Paso 3: get predictions
We will make a forward pass through the trained weights to obtain our predictions:
preds = [] for i in range(Y.shape[0]): x, Y = X[i], Y[i] prev_s = e.g.zeros((hidden_dim, 1)) # Forward pass for t in range(T): mulu = e.g.dot(U, x) mulw = e.g.dot(W, prev_s) add = mulw + mulu s = sigmoid(add) mulv = e.g.dot(V, s) prev_s = s preds.append(mulv) preds = e.g.array(preds)
Plotting these predictions along with the actual values:
plt.plot(preds[:, 0, 0], 'g') plt.plot(Y[:, 0], 'r') plt.show()
This was in the training data. How do we know if our model was not too tight? This is where the validation set comes in., that we previously created:
preds = [] for i in range(Y_val.shape[0]): x, Y = X_val[i], Y_val[i] prev_s = e.g.zeros((hidden_dim, 1)) # For each time step... for t in range(T): mulu = e.g.dot(U, x) mulw = e.g.dot(W, prev_s) add = mulw + mulu s = sigmoid(add) mulv = e.g.dot(V, s) prev_s = s preds.append(mulv) preds = e.g.array(preds) plt.plot(preds[:, 0, 0], 'g') plt.plot(Y_val[:, 0], 'r') plt.show()

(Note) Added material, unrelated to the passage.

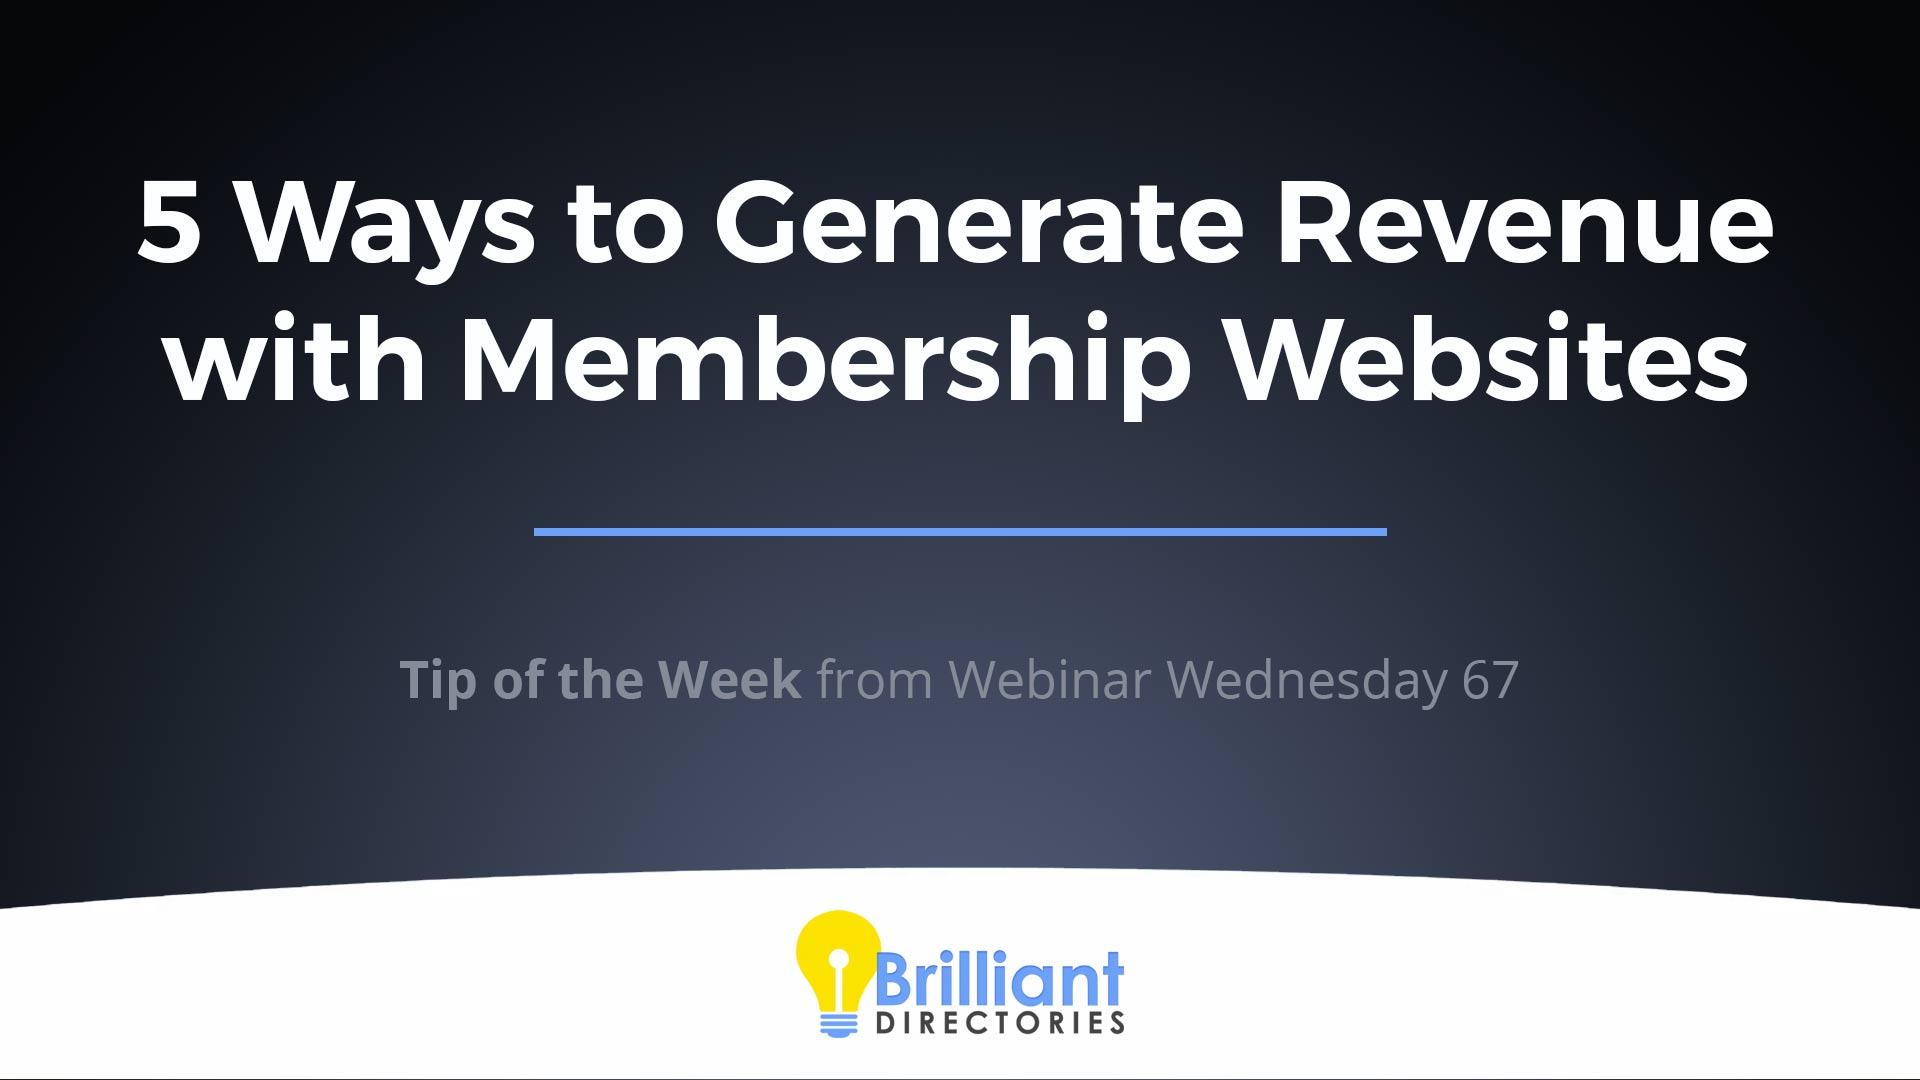 https://www.brilliantdirectories.com/blog/5-easy-ways-to-generate-revenue-with-membership-websites

Nothing bad. The predictions seem impressive. The RMSE score in the validation data is also respectable:
from sklearn.metrics import mean_squared_error math.sqrt(mean_squared_error(Y_val[:, 0] * max_val, preds[:, 0, 0] * max_val))
0.127191931509431
Final notes
I can't stress enough how useful RNNs are when working with sequence data. I implore everyone to take this learning and apply it to a dataset. Take an NLP hurdle and see if you can find a solution. You can always reach out to me in the comment section below if you have any questions.
In this post, we learned how to create a recurring neural network model from scratch using just the numpy library. Of course, you can use a high-level library like Keras or Caffe, but it is essential to know the concept you are implementing.
Share your thoughts, questions and comments about this post below. Happy learning!